Set Up the Redundancy Server Role

In Moogsoft AIOps HA architecture, both RabbitMQ and ElasticSearch run as three-node clusters. The three-node clusters prevent issues with ambiguous data state, such as a "split-brain".

RabbitMQ is the Message Bus used by Moogsoft AIOps.
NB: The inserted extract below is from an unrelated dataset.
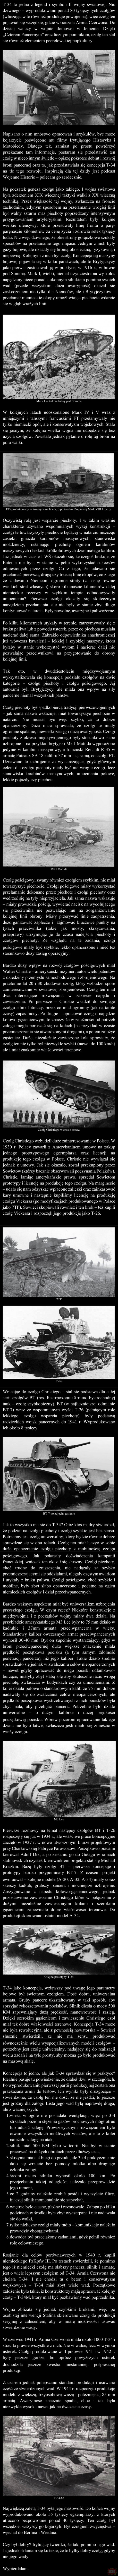 T-34. Geneza i rozwój.

Elasticsearch delivers the search functionality.

The three nodes are distributed across the two Core roles and the redundancy server.

HA architecture

In our distributed HA installation, the RabbitMQ and Elasticsearch components are installed on the Core 1, Core 2 and Redundancy servers.

Core 1: RabbitMQ Node 1, Elasticsearch Node 1
Core 2: RabbitMQ Node 2, Elasticsearch Node 2
Redundancy server: RabbitMQ Node 3, Elasticsearch Node 3

Refer to the Distributed HA system Firewall for more information on connectivity within a fully distributed HA architecture.

Install Redundancy server

Install the Moogsoft AIOps components on the Redundancy server.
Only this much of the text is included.